Tuttavia, come ricorda Saskia Sassen, «l’immigrazione è funzionale anche al  sistema economico dei paesi di destinazione», quindi «essa diventa componente  integrale  della  loro  crescita»  (1999:  pag.  130).  I  paesi  destinatari  non  sono,  dunque,  a  differenza  dell’immagine  collettiva  che  se  ne  ha,  soggetti  passivi  di  fronte al fenomeno delle migrazioni globali, perché «le condizioni presenti nei  paesi  di  destinazione  influenzano  dimensione  e  durata  delle  migrazioni  e,  dunque,  non  si  tratta  affatto  di  processi  esogeni  legati  solo  alla  povertà  e  alla 

crescita  demografica  nei  paesi  di  origine,  indipendentemente  dalla  capacità  di  intervento  dei  paesi  destinatari»,  che  dunque  hanno  il  «compito  non  già  di  respingere un’”invasione”, bensì di gestire un flusso strutturato» (Sassen, 1999:  pag. 130). 

Il modello mediterraneo – ed italiano in particolare –, come si è visto, si basa  su una circolarità fra limitazione degli ingressi attraverso il sistema delle quote  e  la  regolarizzazione  ex  post  dei  migranti  entrati  irregolarmente  tramite  sanatorie  cadenzate  a  distanza  di  alcuni  anni:  è  evidente  da  un  lato  la  miopia  degli  intenti  e  dall’altro  una  certa  soglia  di  tolleranza  di  flussi  irregolari  di  persone  che  non  rientrano  nelle  quote  stabilite  annualmente  ma  che  riescono  comunque  ad  entrare  nel  Paese.  È  chiaro,  dunque,  osservando  anche  i  dati  relativi alle domande presentate in occasione delle sanatorie degli ultimi anni,  che  le  presenze  irregolari  e  clandestine  siano  numerose  e  che moltissime  delle  persone  ora  in  regola  con  il  soggiorno  sia  in  ogni  caso  entrata  in  modo  irregolare  e  abbia  usufruito  in  seguito  di  un  programma  di  sanatoria.  Da  qui  occorre fare una riflessione fondamentale: non è proprio più possibile ignorare  questo  elemento  e  occorre  dunque  avvicinarsi  allo  studio  delle  migrazioni  nei  paesi  europei  dell’aerea  mediterranea  con  la  consapevolezza  che  la  maggior  parte  dei  migranti  ha  un  passato  da  irregolare  (Barbagli,  Colombo,  Sciortino,  2004; Kosic, Triandafyllidou, 2004). 

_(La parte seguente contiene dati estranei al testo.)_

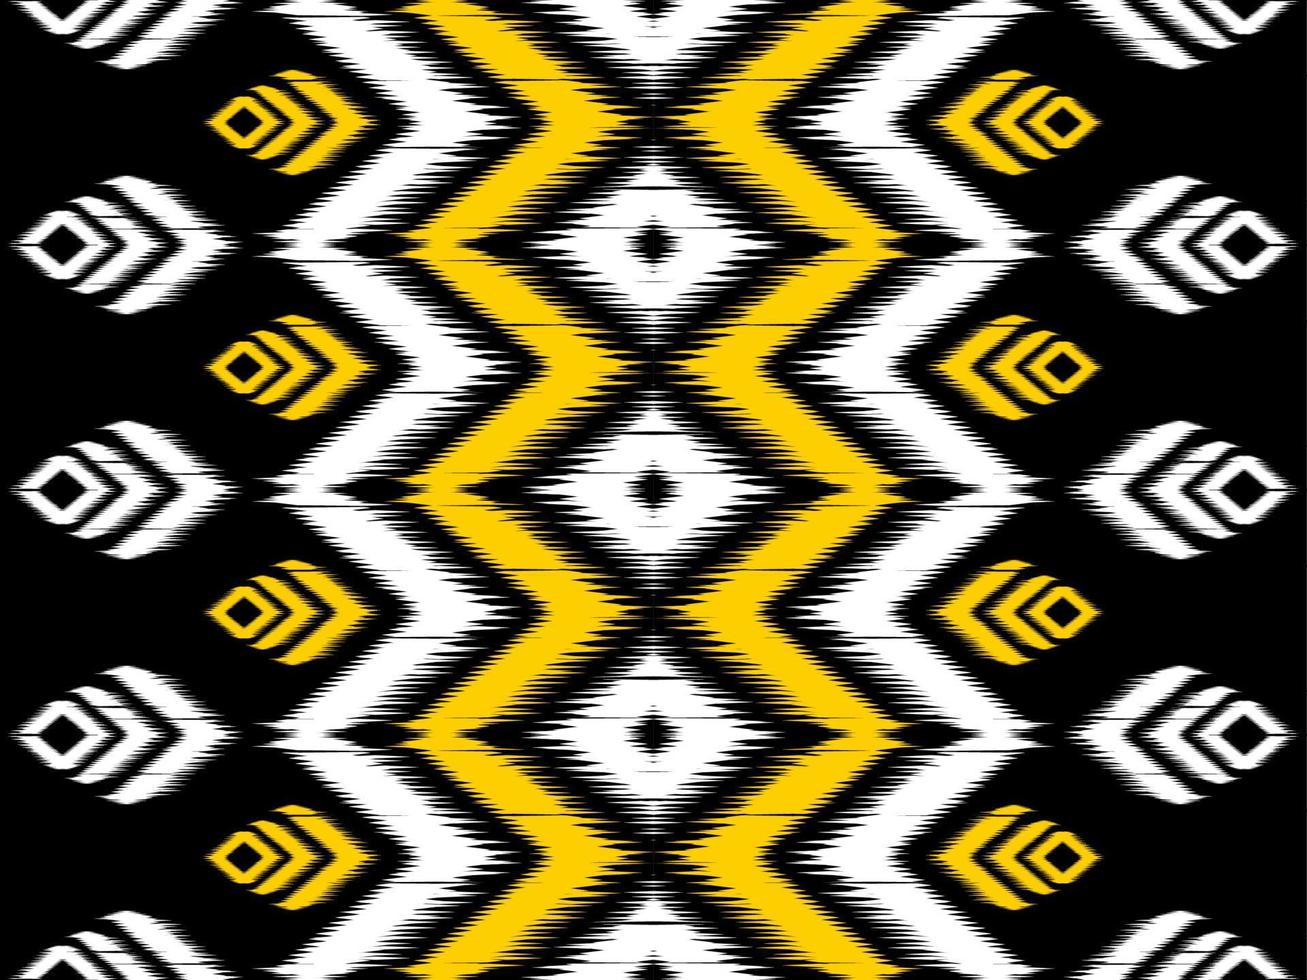 patrón sin costuras ikat en tribal. geométrico étnico tradicional. estilo mexicano a rayas. diseño para fondo, papel tapiz, ilustración vectorial, tela, ropa, batik, alfombra, bordado. vector

L’influenza  dell’azione  normativa  sarebbe  talmente  rilevante  da  essere  ritenuta  da  alcuni  studiosi  l’aspetto  più  importante  dei  cambiamenti  avvenuti  nelle  migrazioni  internazionali  negli  ultimi  due  decenni  (Bonifazi,  1999):  il  settore politico verrebbe, in tal caso, a prevalere su tutte le altre dimensioni di  cui  il  fenomeno  migratorio  si  compone,  tanto  che  la  distinzione  tra  stranieri  regolarmente  soggiornanti  e  stranieri  irregolari  è  stata  definita  «una  delle  più  eloquenti  rappresentazioni  di  quanto  una  qualificazione  normativa  può 

incidere sulle opportunità di vita di un essere umano uguale ad un altro essere  umano»  (Niccolai,  2000:  pag.  453;  Russo,  2008),  esponendolo  in  tal  modo  a  processi  di  verifiche  e  giudizi  volti  ad  appurare  la  sua  ‘meritevolezza’  ad  accedere a determinati diritti e servizi.